Carnación es el nombre de la pieza que Rocío Molina, acompañada de Niño de Elche, Olalla Alemán, Pepe Benítez, Maureen Choi y la agrupación formada por el coro Cantori Veneziani y proyectoeLe, con la colaboración de Juan Kruz Díaz, Julia Valencia y Carlos Marquerie, estrenó en la Bienal de Venecia tras recibir el León de Plata de la Danza. En términos pictóricos, carnación hace referencia al proceso de colorear la carne, al paso de lo invisible a lo visible que es fundamento de toda creación artística. Tuve la suerte de presenciar no solo el espectáculo, sino de asistir a su proceso de creación, a ese paso de lo invisible a lo visible que tuvo lugar en el Centro de Creación Rural la Aceitera. Desde que el proyecto se planteó como Impulso, tipo de pieza ensayística característica de la obra de Molina, podía percibirse el reto al que los artistas se enfrentarían para desarrollar una visión singular de la idea de deseo. Y es que no hay material más telúrico y aéreo que el flujo psíquico del deseo, concepto del que nos hablan a través de una performance llena de matices, contradicciones y complejidades que reafirman el trabajo de Molina como uno de los hechos artísticos más importantes de nuestro tiempo. Me propongo entonces, más que realizar un análisis detallado de la obra que se presentará próximamente (el 30 de septiembre) en la Bienal de Flamenco de Sevilla, adentrarme en ese campo de paradojas, campo de lo flamenco como hecho contemporáneo, para comprender –y defender– dicha importancia.

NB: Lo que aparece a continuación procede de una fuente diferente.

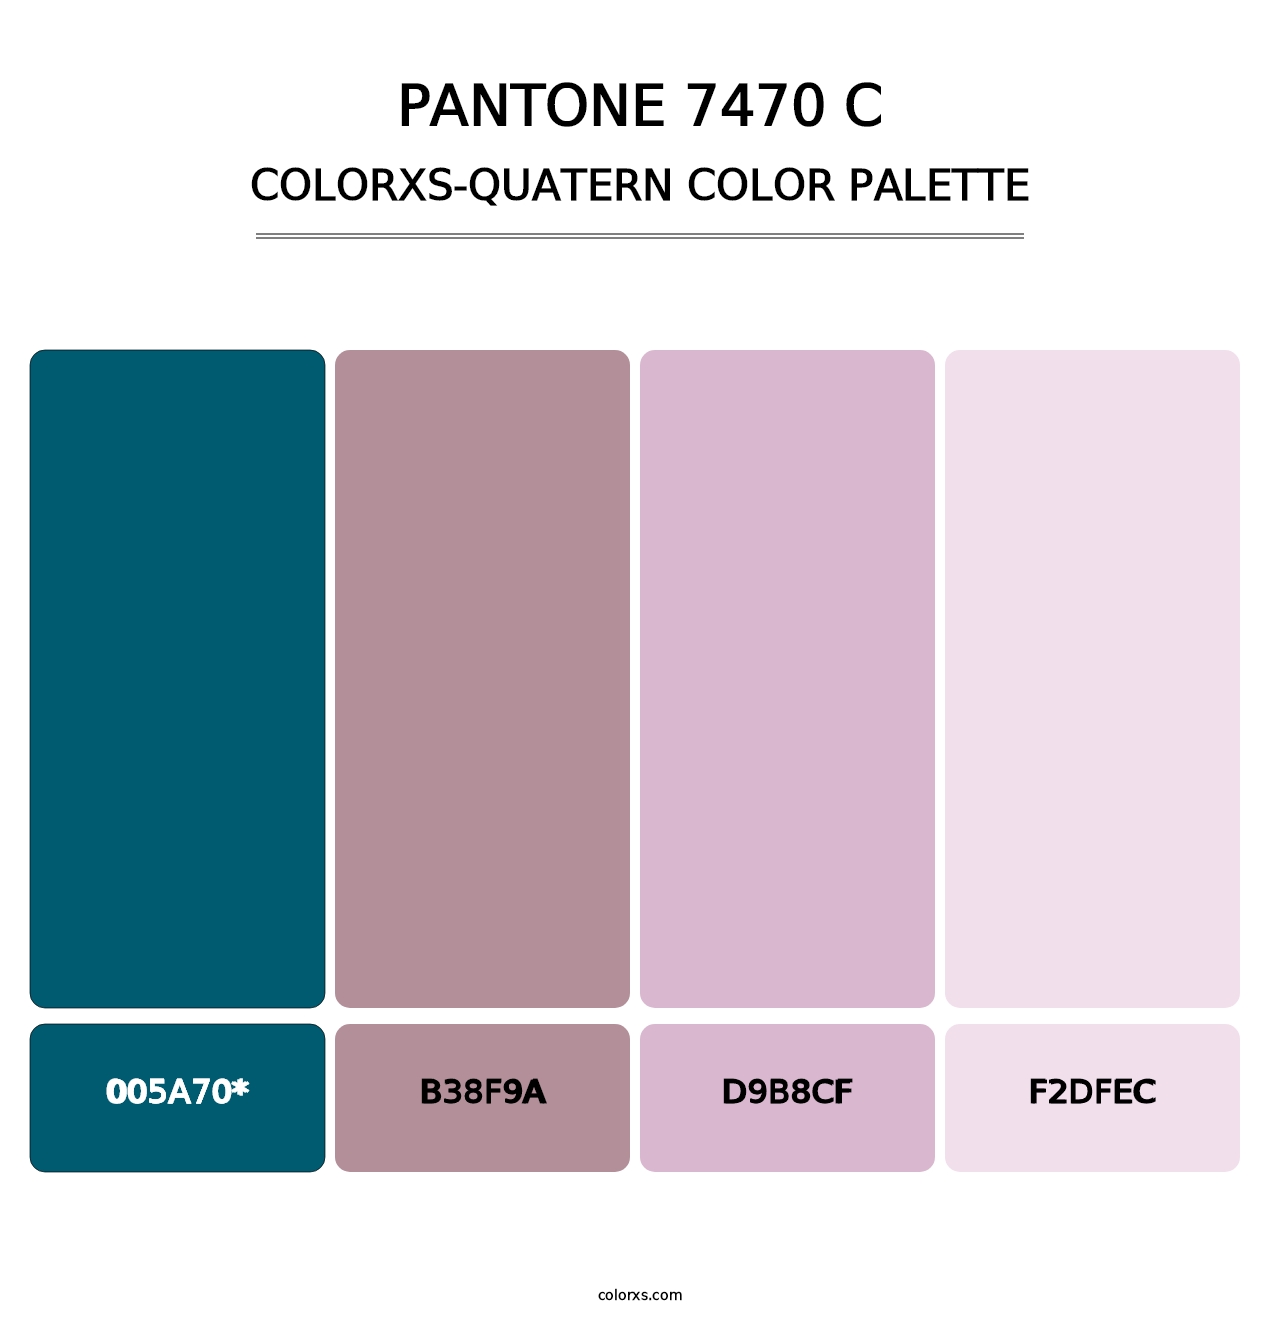 PANTONE 7470 C - Colorxs Quatern Palette

Rocío Molina, con Maureen Choi y Niño de Elche, en 'Carnación'. Rocío Molina, con Maureen Choi y Niño de Elche, en 'Carnación'.

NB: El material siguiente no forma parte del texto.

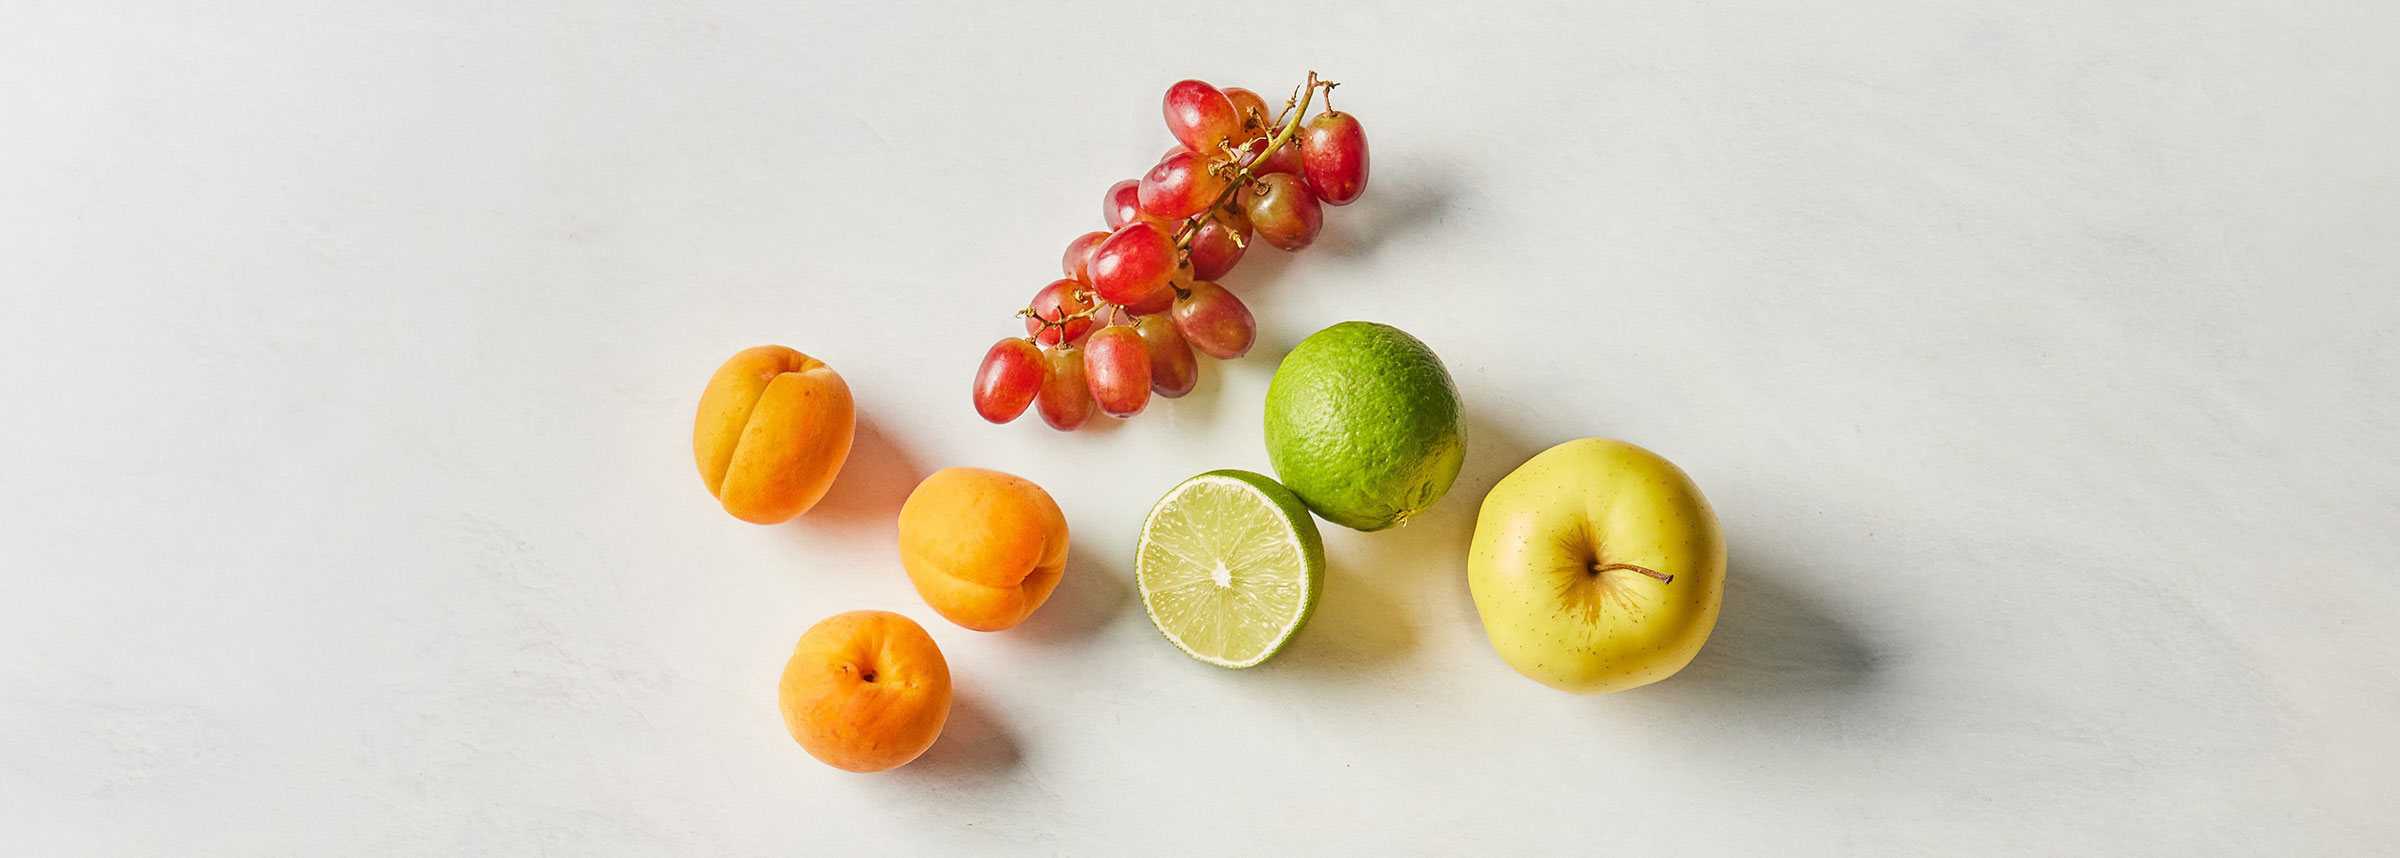 aprikos, druer, lime og gult eple

Rocío Molina, con Maureen Choi y Niño de Elche, en 'Carnación'. / Simone Fratini

Carnación es una obra fragmentaria, con una estructura que, más que ser lineal, traza direcciones de lo realizable recordándonos la propia experiencia del que desea. Desde el inicio, se propone un compromiso fundamental con el ritmo de la propuesta, que comienza situándonos en la detención para involucrarnos en los devenires y ritmos del deseo. Transitando del sosiego a la aceleración, de lo desenfrenado al tiempo meticuloso de la escucha, comenzamos a percibir que la pieza esconde una reflexión sobre la experiencia misma de lo temporal. Entregados a ella, llegamos a experimentar la vivencia radical de la suspensión del tiempo que, dejando atrás la experiencia del mundo de consumo y aceleración en el que nos encontramos, se revela como algo inconmensurable. Así se logra esa experiencia de las duraciones elásticas que obsesionó a autores como Bergson, Wolf, Cortázar o Thomas Mann, algo para lo que resulta necesario comprender el funcionamiento del cauce sonoro de la performance.

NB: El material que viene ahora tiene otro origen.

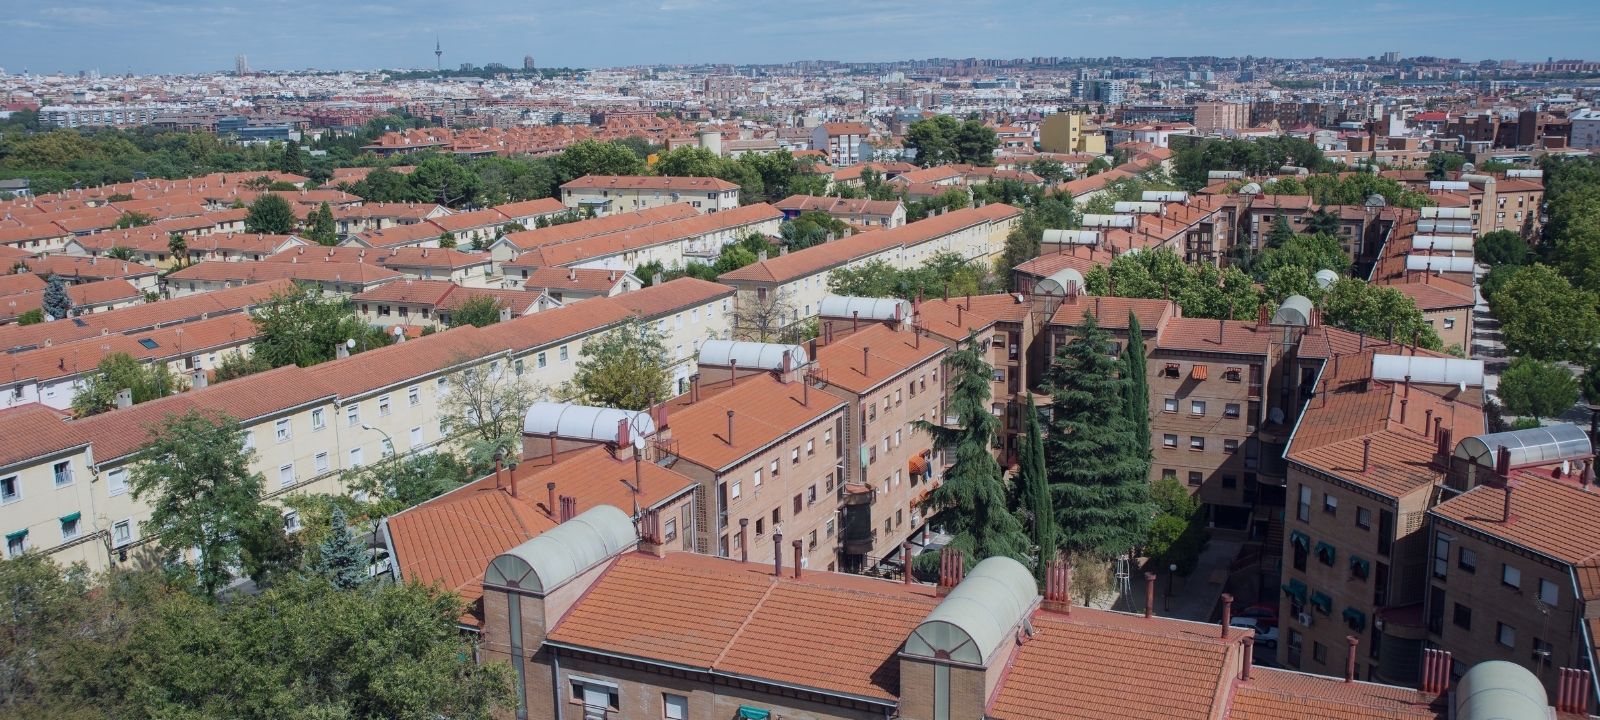 Dónde encontrar casas baratas en Madrid. Estimación por barrios

Si pugna el cuerpo en busca de placer y cuidado, con sus intervalos de violencia y de armonía, también pugna el sonido. No solo lo hace a través de una selección musical que enfrenta la música sacra con la electrónica más festiva, dando cabida, y esto no suele señalarse, al humor en la pieza. También aúna al diablo de Paganini, que encarna la exigencia irrealizable del artista/deseante, con el festejo de la cumbia y el celebrar villero de los sures que se reapropian de las categorías de lo salvaje o lo primitivo, articulando así particulares lenguajes de resistencia. Digo que no solo sucede en la selección de músicas porque también sucede a través del hacer de los intérpretes y de un Niño de Elche que, atreviéndose a colocar la voz al nivel de las exigencias de un cuerpo como el de Molina, enseña de nuevo la posibilidad de entender ese instrumento como pura potencia y posibilidad.

Algo similar sucede con las imágenes desplegadas, y es que es una obra tan contradictoriamente llena de iconos y estampas, efectos y auras, como radicalmente iconoclasta. Porque el deseo traza un camino, al igual que las imágenes, sonidos, gestos y vestuarios (donde vuelve a ocupar un rol fundamental la artista Julia Valencia), de lo sagrado a lo profano, camino en el que cumple un papel interesante lo electrónico y que, sin duda, merecería la pena analizar con más detenimiento. Las imágenes nos muestran así un principio de paradoja: tras el deseo salvaje de fuerza y violencia, de amor y ternura, de lucha entre lo trascendente y lo inmanente, de lo que se desborda y el gesto mínimo, tras todo ello, solo queda la respiración de una criatura agotada. Nos muestran que al tensar la violencia se descubre la importancia del cuidado, que solo a través de la fuerza conocemos la fragilidad, del odio el amor, de la muerte la vida.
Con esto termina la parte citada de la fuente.